*What you should do:*
Only the pictures are to be left out; the listing itself is repeated exactly.

*Input material:*
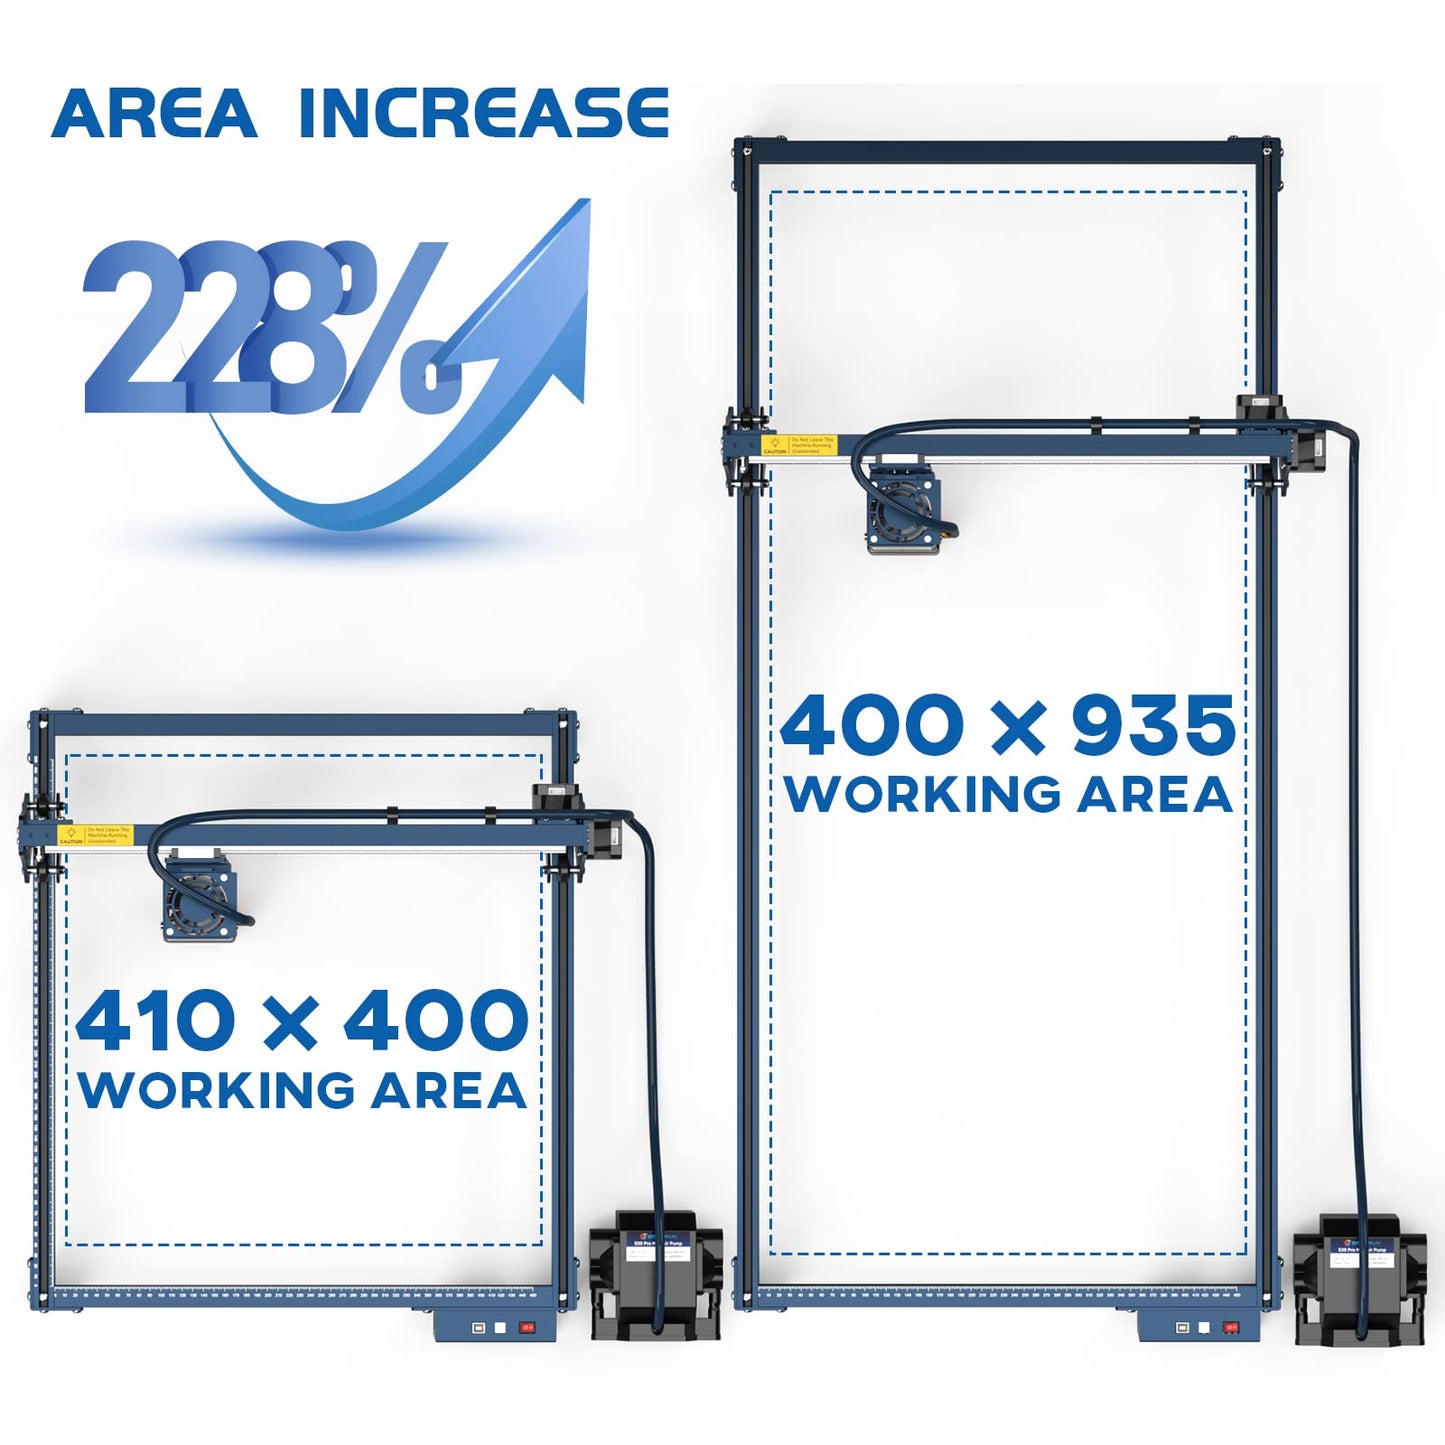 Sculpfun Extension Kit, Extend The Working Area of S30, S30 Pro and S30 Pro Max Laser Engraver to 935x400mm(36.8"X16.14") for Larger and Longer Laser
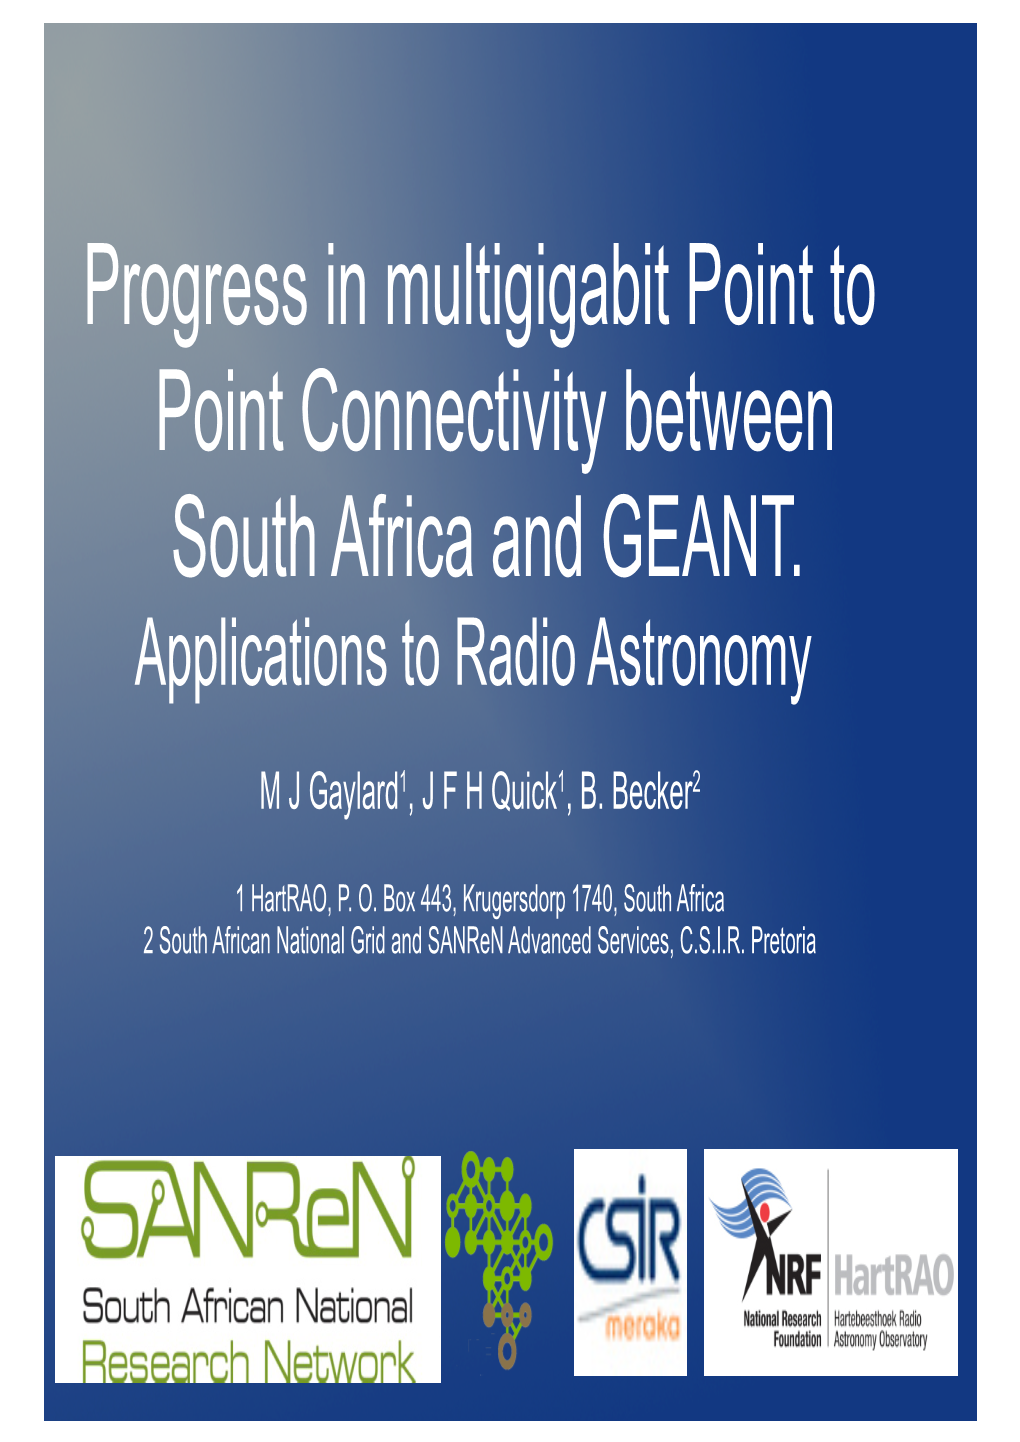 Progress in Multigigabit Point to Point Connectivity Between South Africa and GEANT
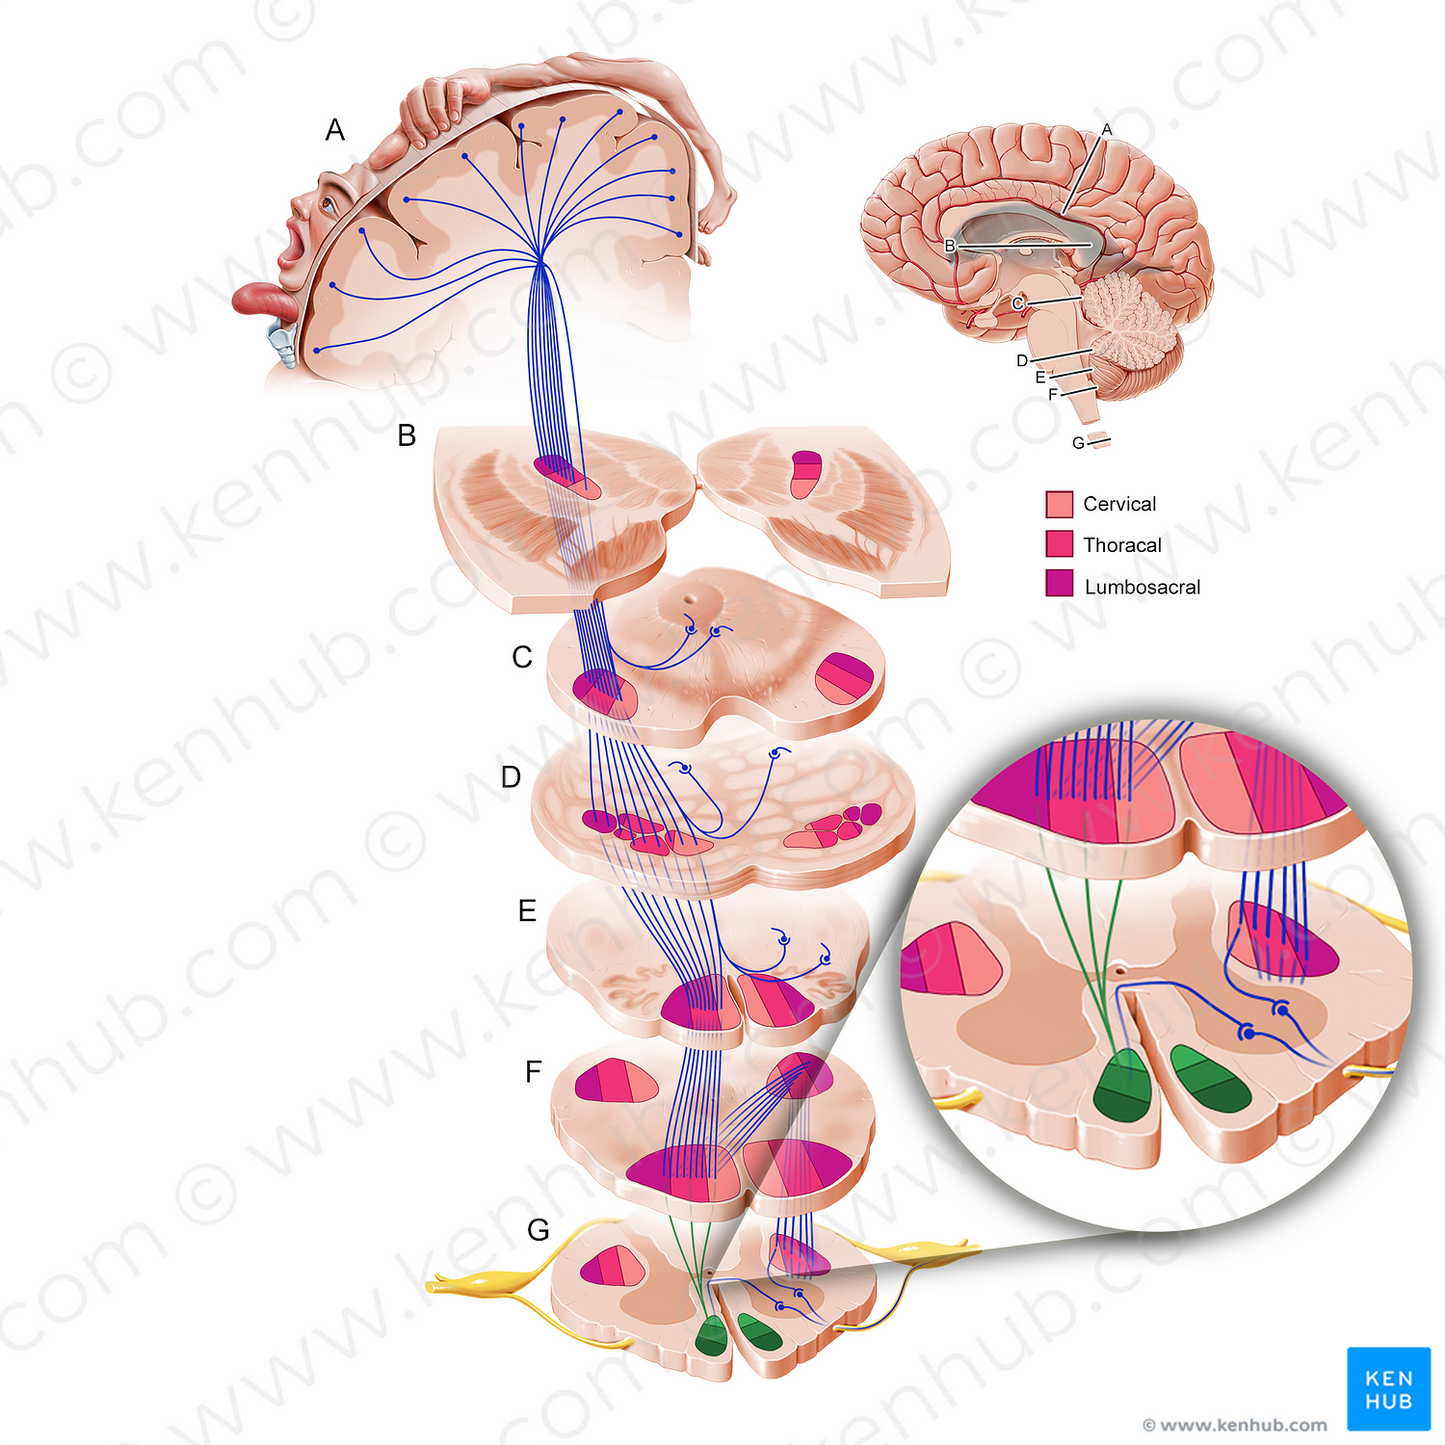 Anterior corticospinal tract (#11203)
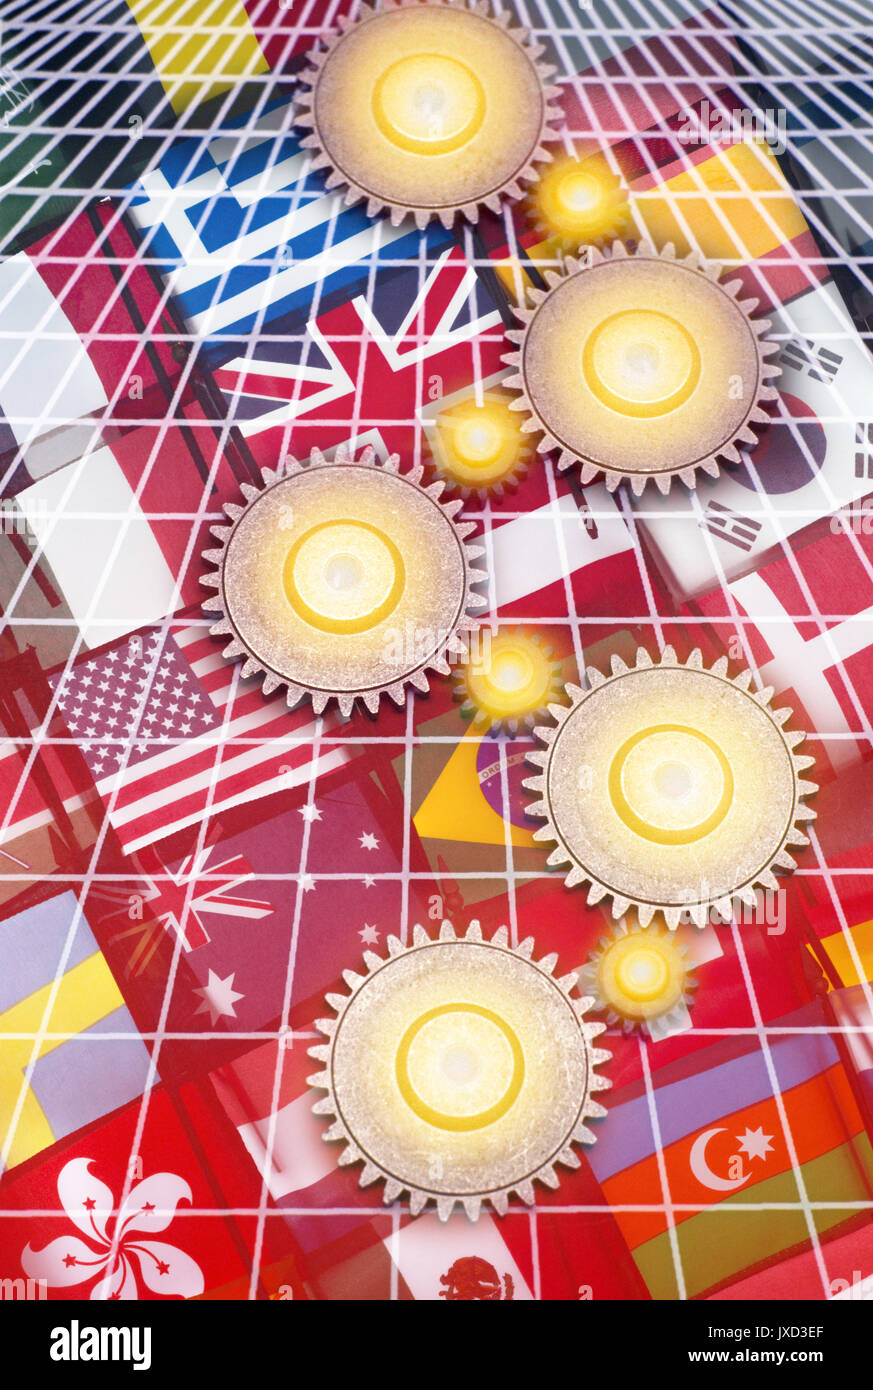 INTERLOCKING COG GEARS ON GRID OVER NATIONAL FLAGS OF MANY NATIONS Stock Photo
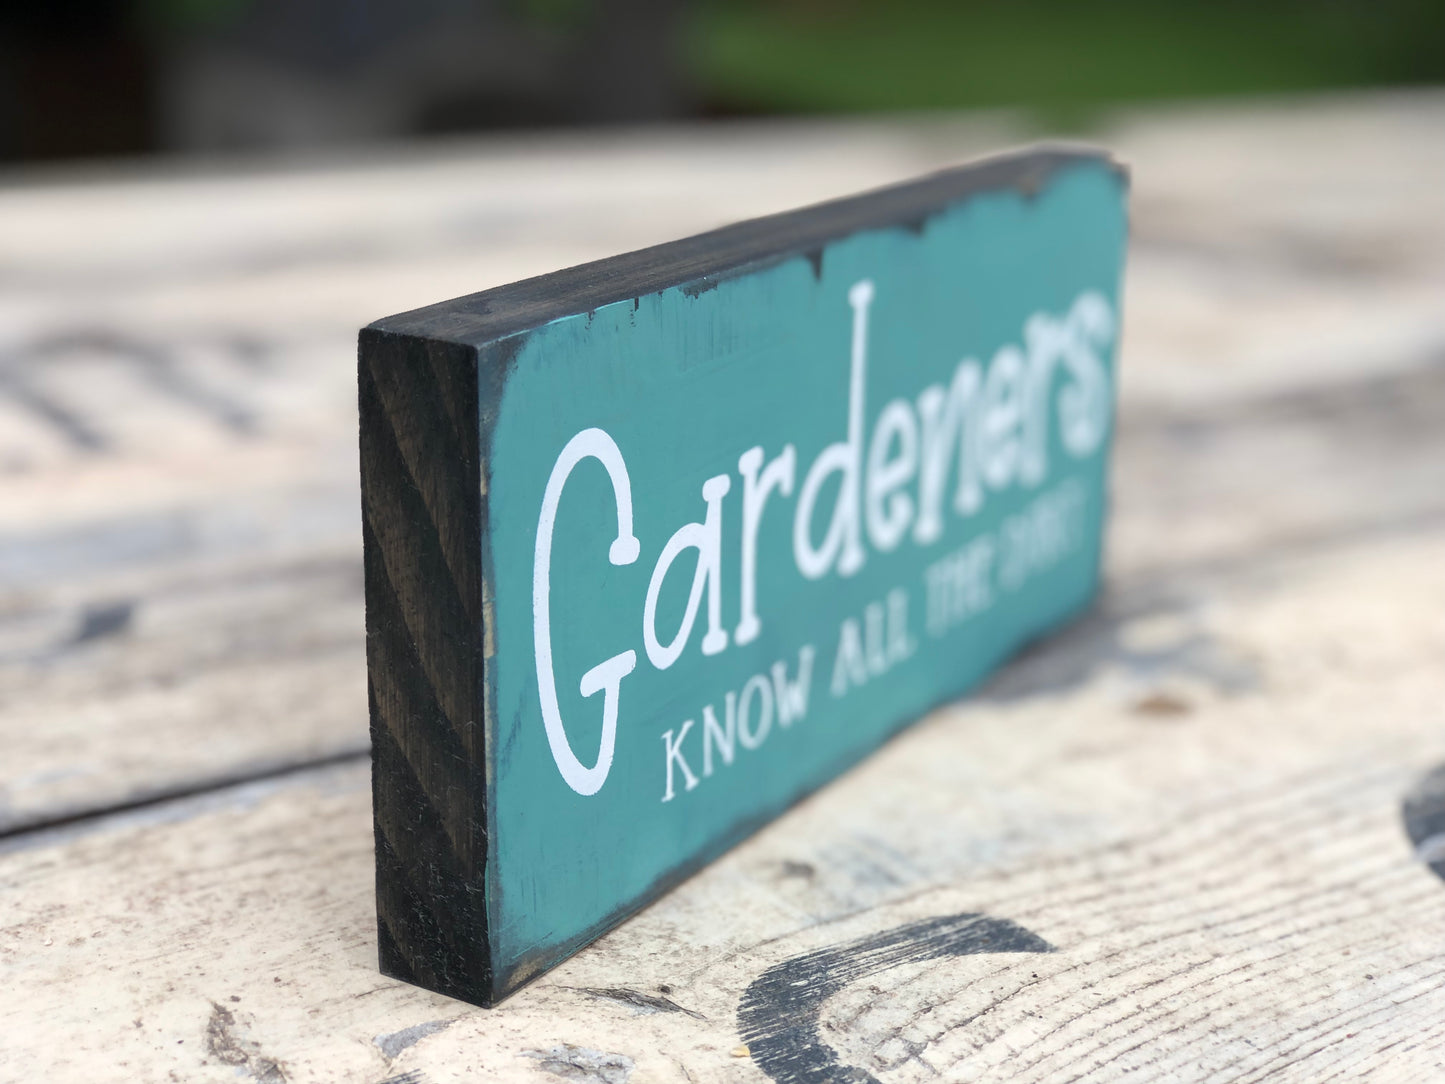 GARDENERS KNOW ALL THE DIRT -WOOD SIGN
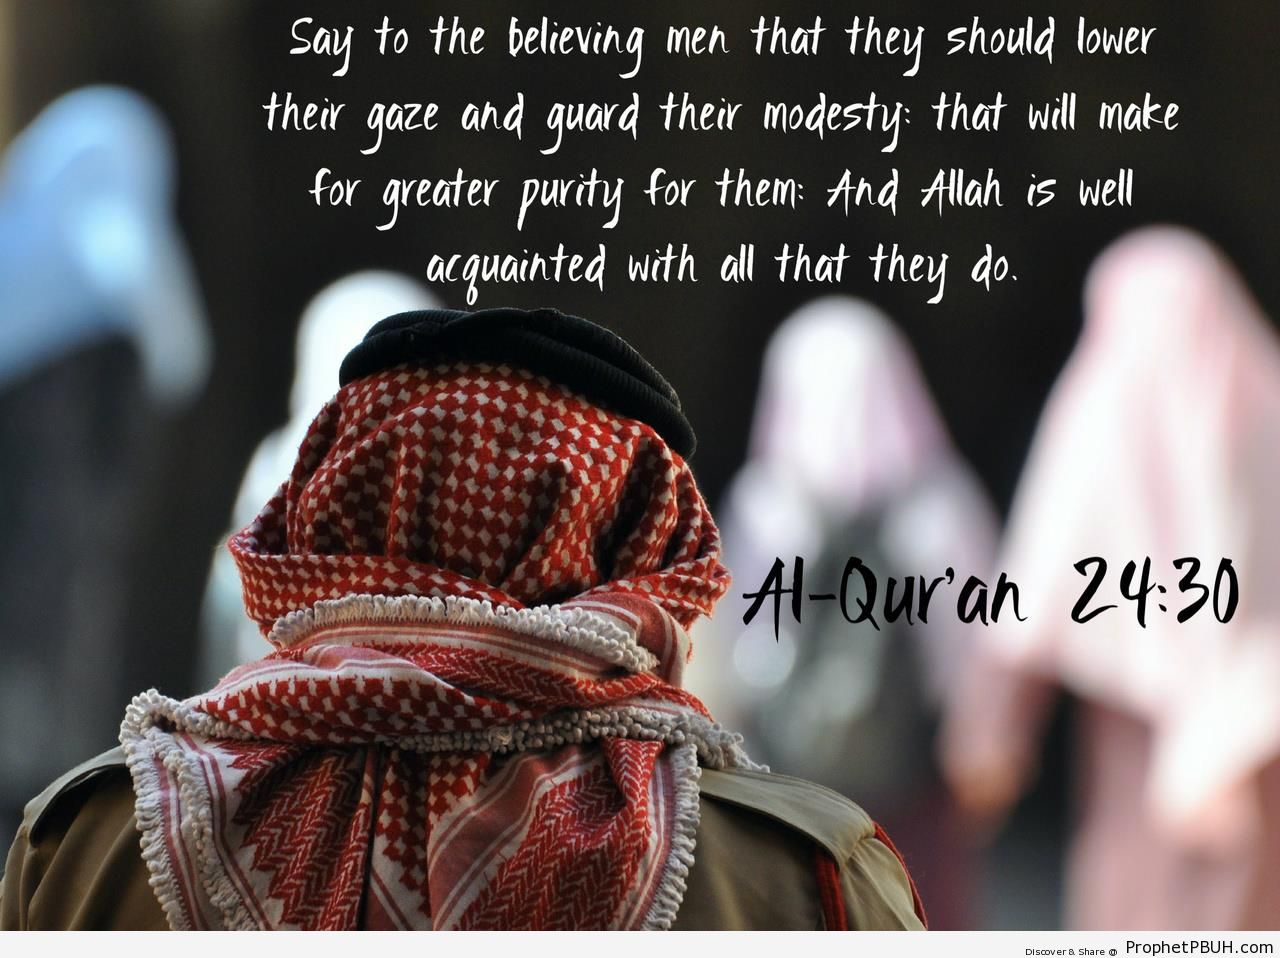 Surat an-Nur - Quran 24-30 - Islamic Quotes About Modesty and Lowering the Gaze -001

*Result of this task:*
 Sculpfun Extension Kit, Extend The Working Area of S30, S30 Pro and S30 Pro Max Laser Engraver to 935x400mm(36.8"X16.14") for Larger and Longer Laser
 Progress in Multigigabit Point to Point Connectivity Between South Africa and GEANT
 Anterior corticospinal tract (#11203)
 INTERLOCKING COG GEARS ON GRID OVER NATIONAL FLAGS OF MANY NATIONS Stock Photo
 GARDENERS KNOW ALL THE DIRT -WOOD SIGN
 Surat an-Nur - Quran 24-30 - Islamic Quotes About Modesty and Lowering the Gaze -001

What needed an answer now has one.